## THE DATA
──────
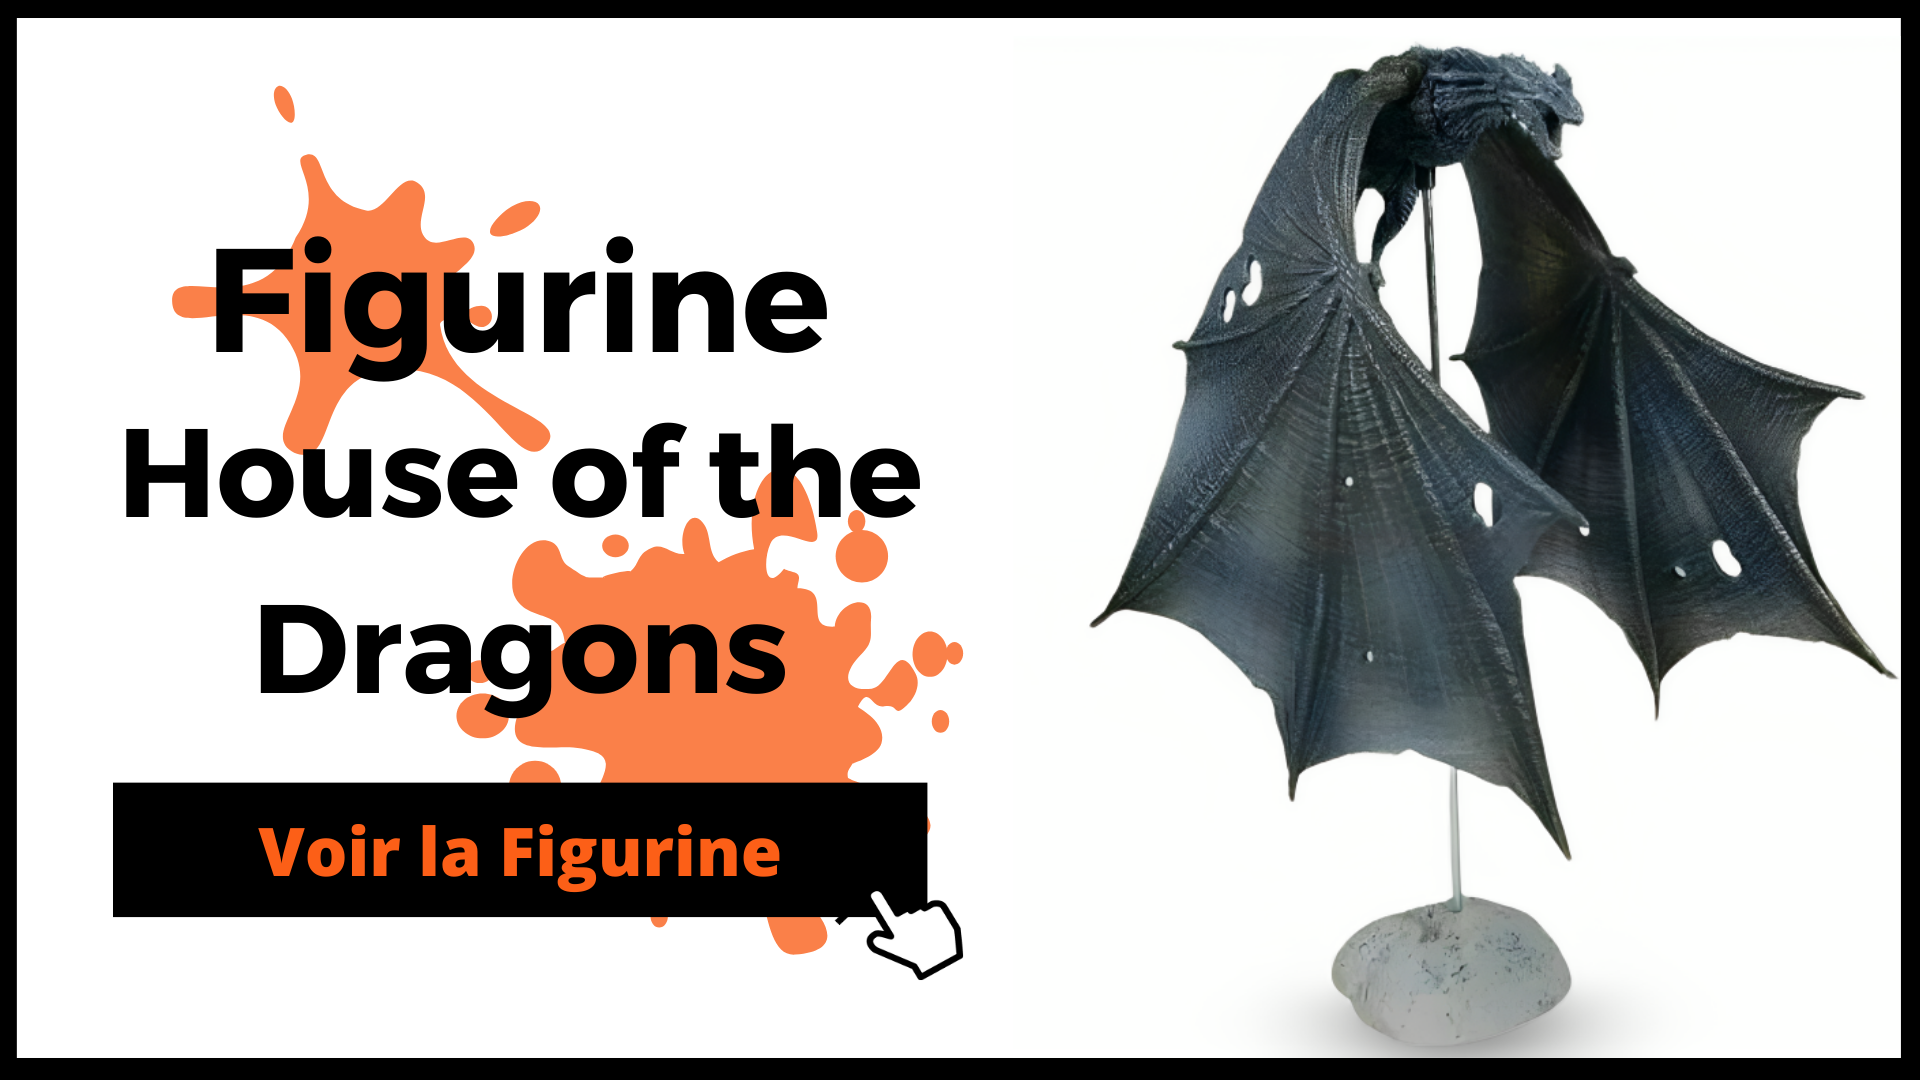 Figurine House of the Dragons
──────
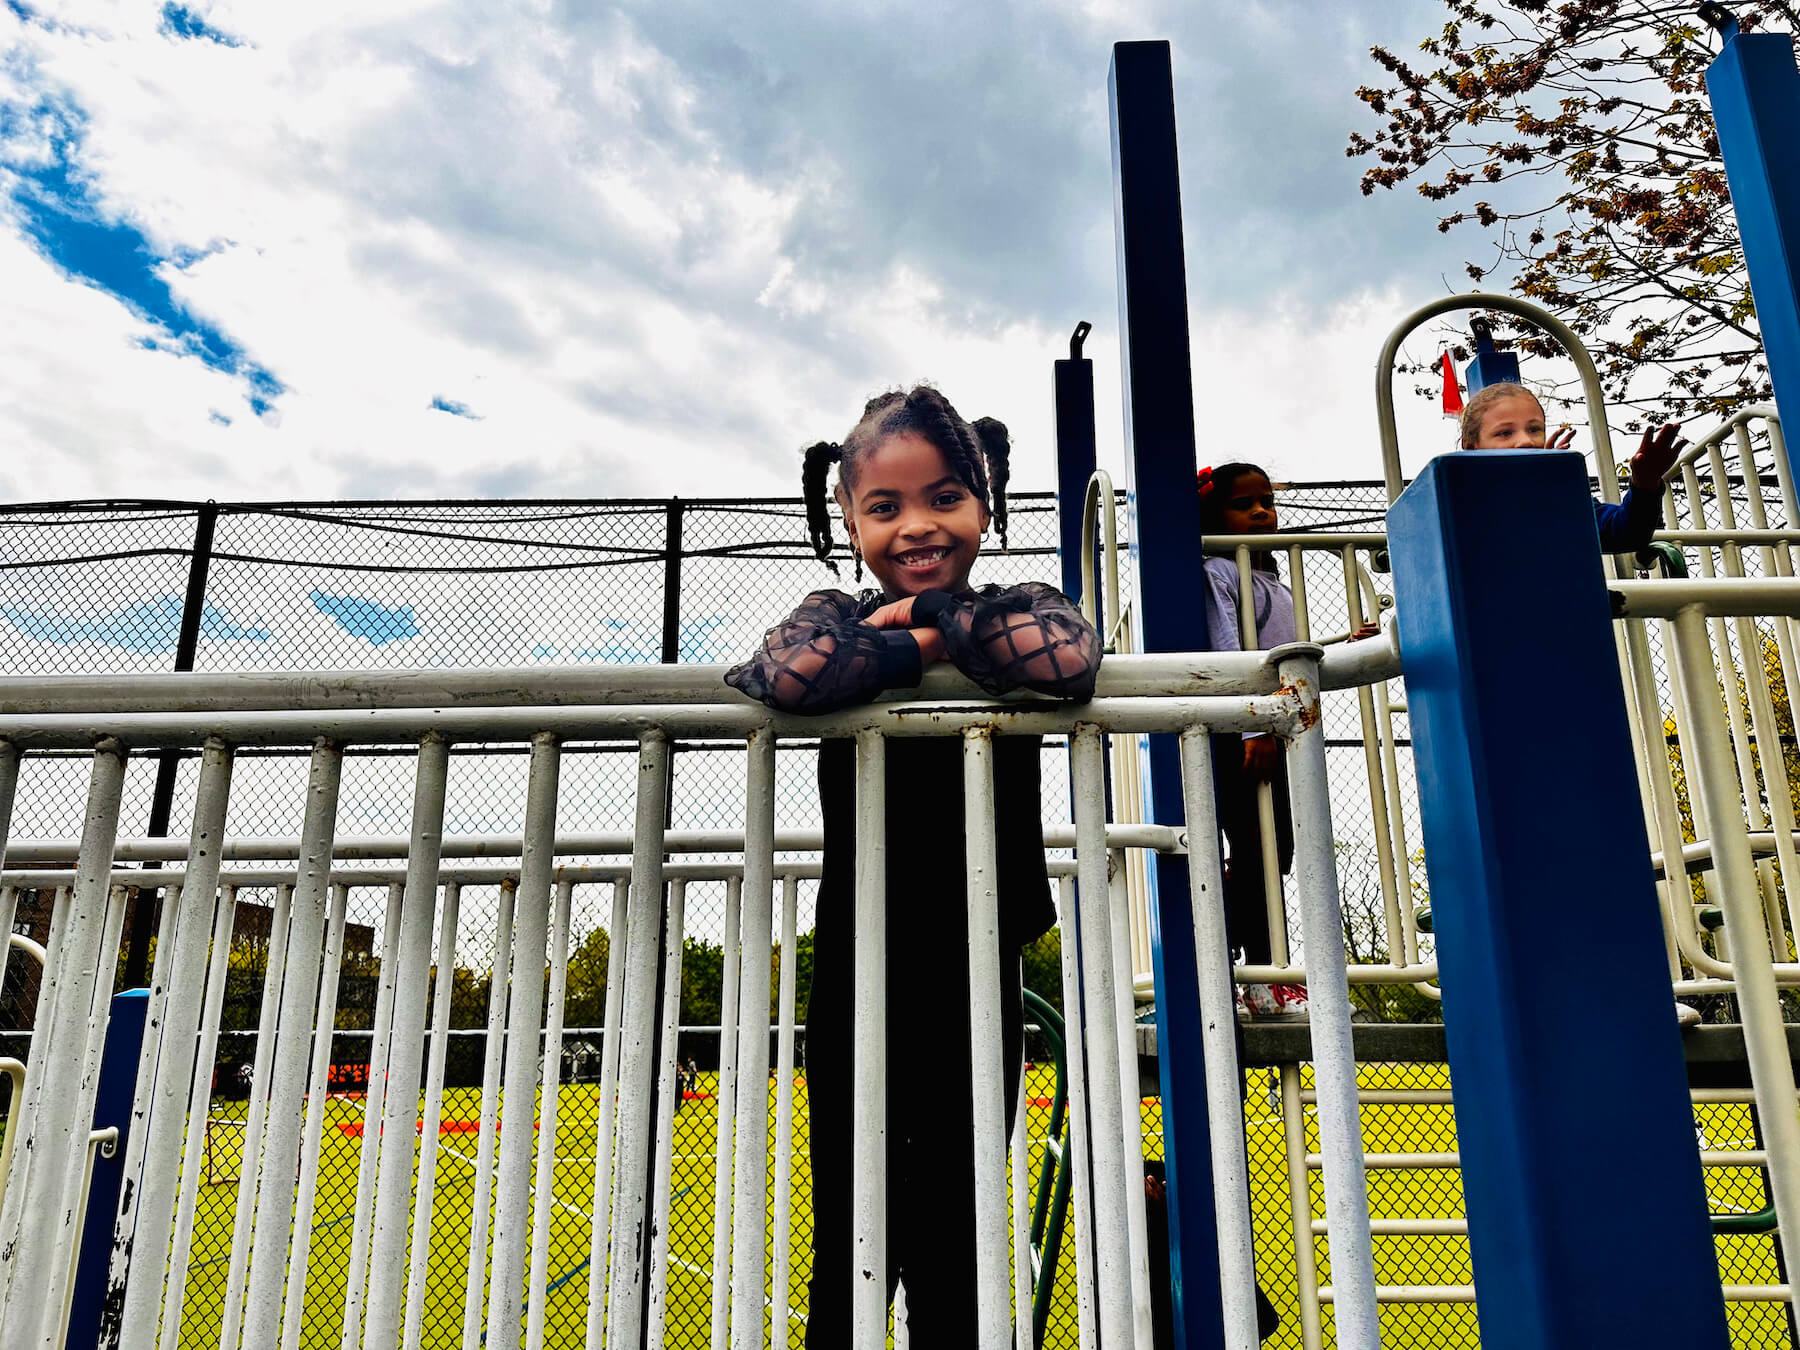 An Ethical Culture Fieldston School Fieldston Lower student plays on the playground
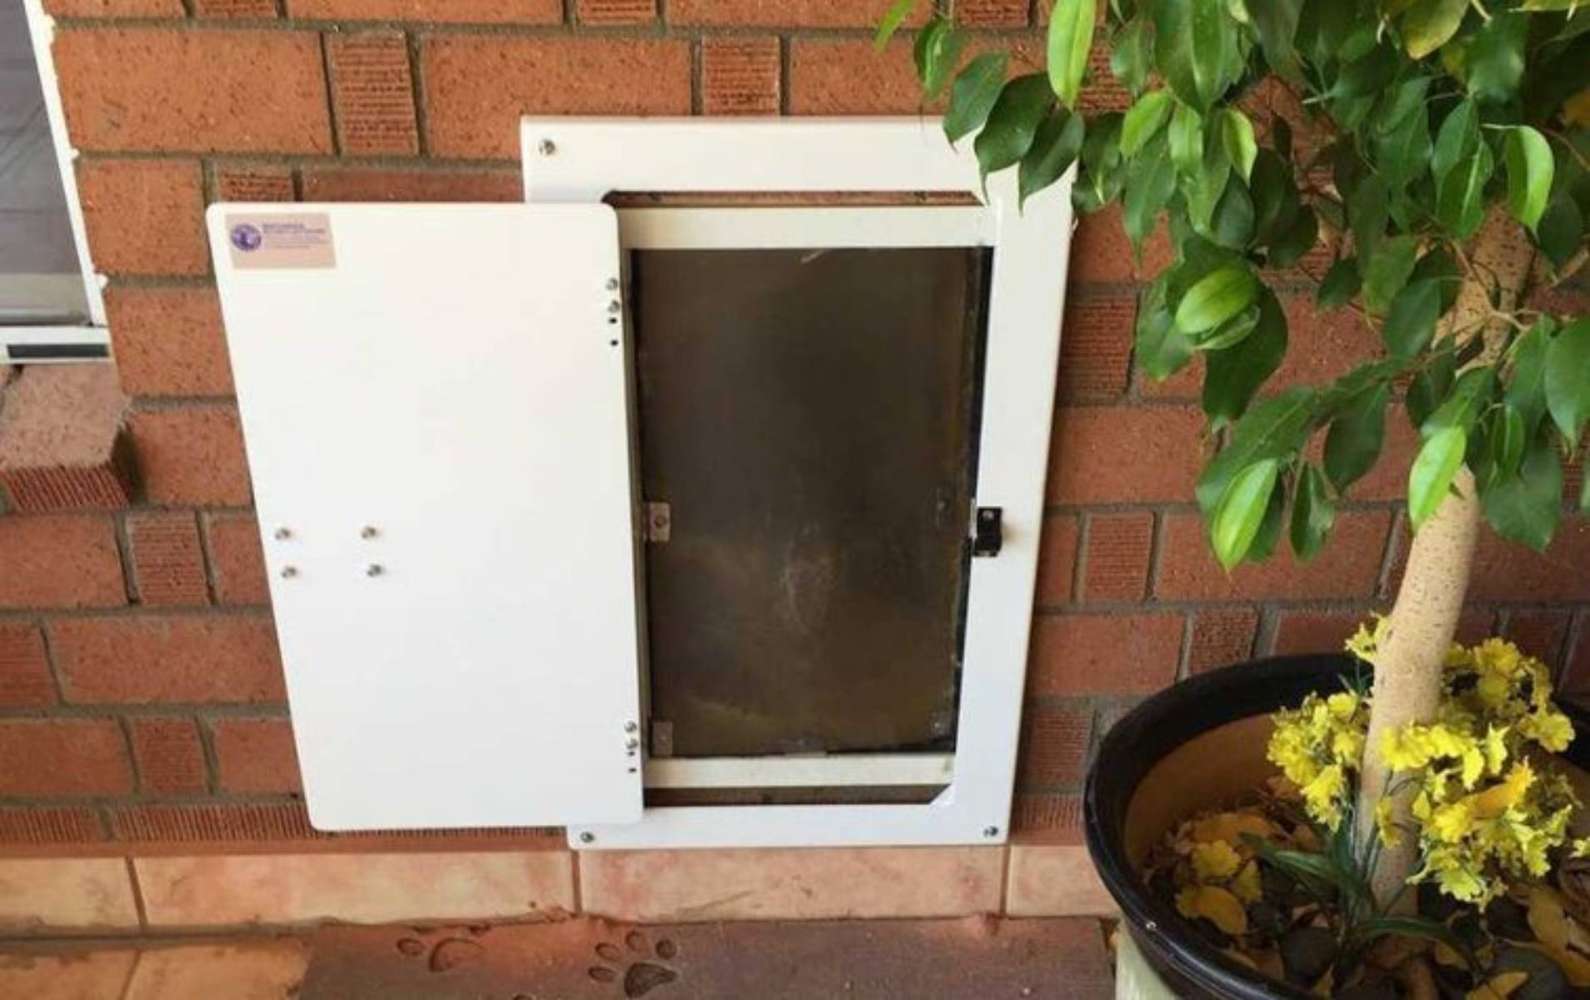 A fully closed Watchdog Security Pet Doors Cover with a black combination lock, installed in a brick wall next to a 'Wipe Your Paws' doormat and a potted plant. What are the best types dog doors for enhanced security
──────
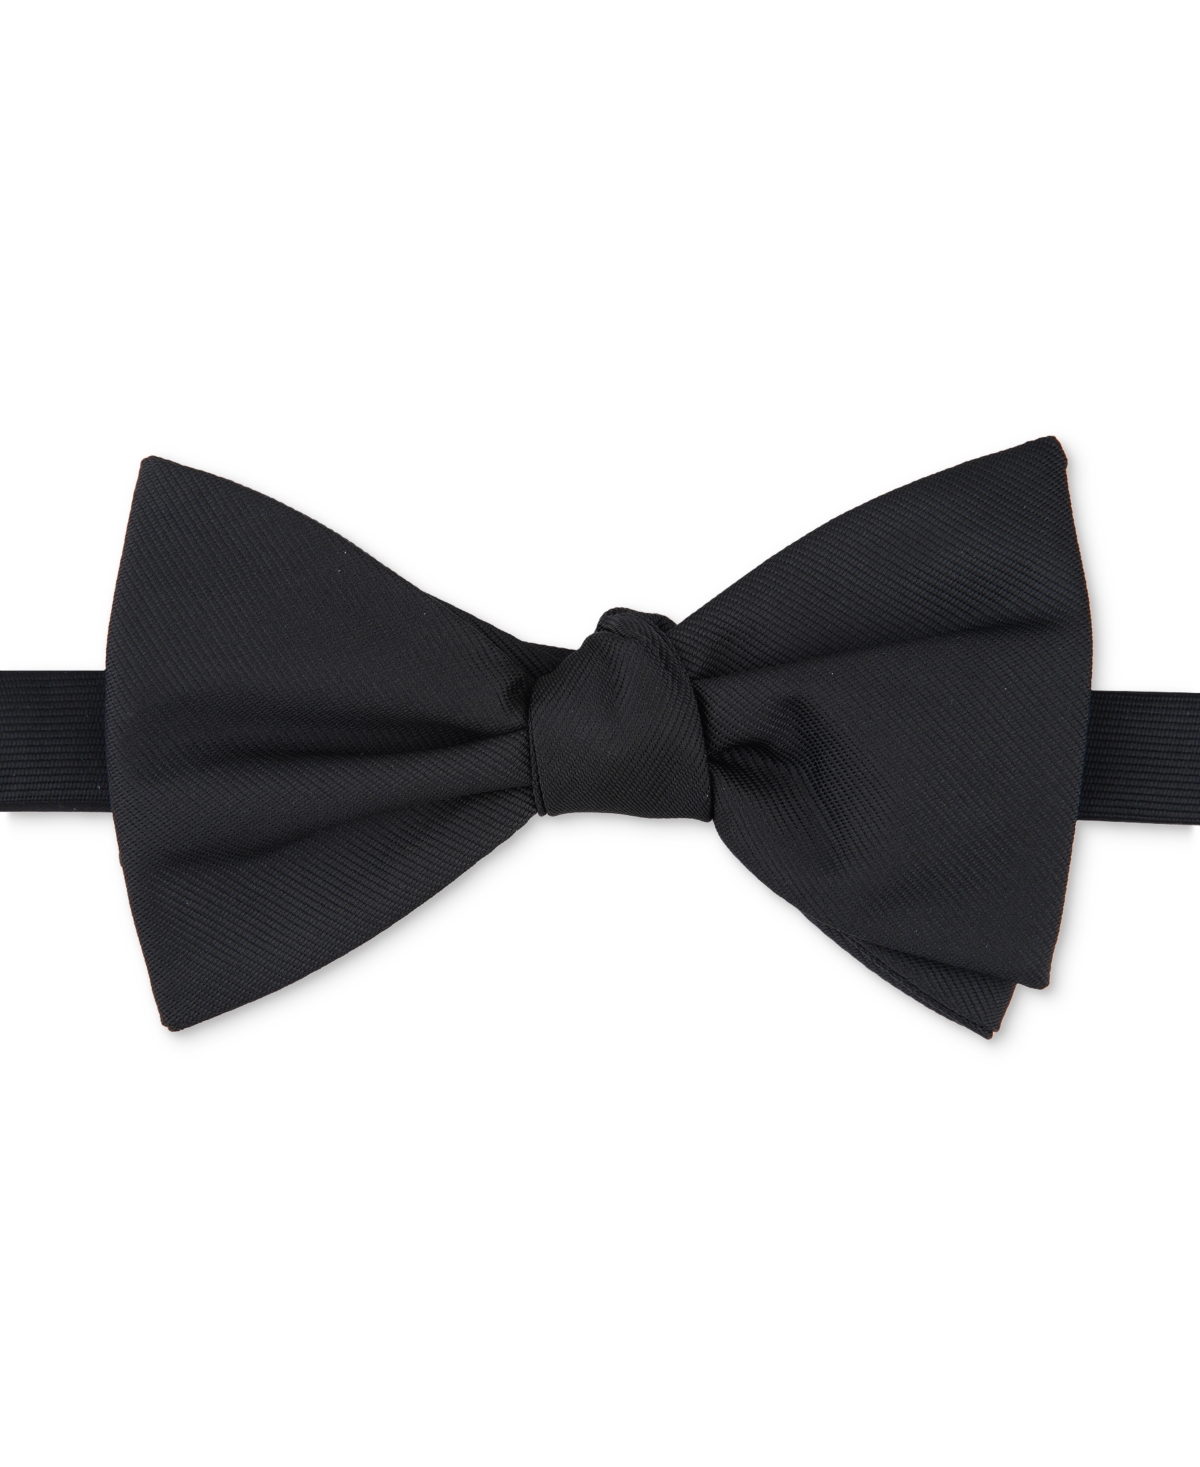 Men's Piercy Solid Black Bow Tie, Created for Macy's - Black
──────
## WHAT TO WORK ON
Only one stretch of the material above is wanted: the line containing "An Ethical Culture" through the line containing "A fully closed". Restate it word for word, minus the pictures.

## RESPONSE TO THIS TASK
 An Ethical Culture Fieldston School Fieldston Lower student plays on the playground
 A fully closed Watchdog Security Pet Doors Cover with a black combination lock, installed in a brick wall next to a 'Wipe Your Paws' doormat and a potted plant. What are the best types dog doors for enhanced security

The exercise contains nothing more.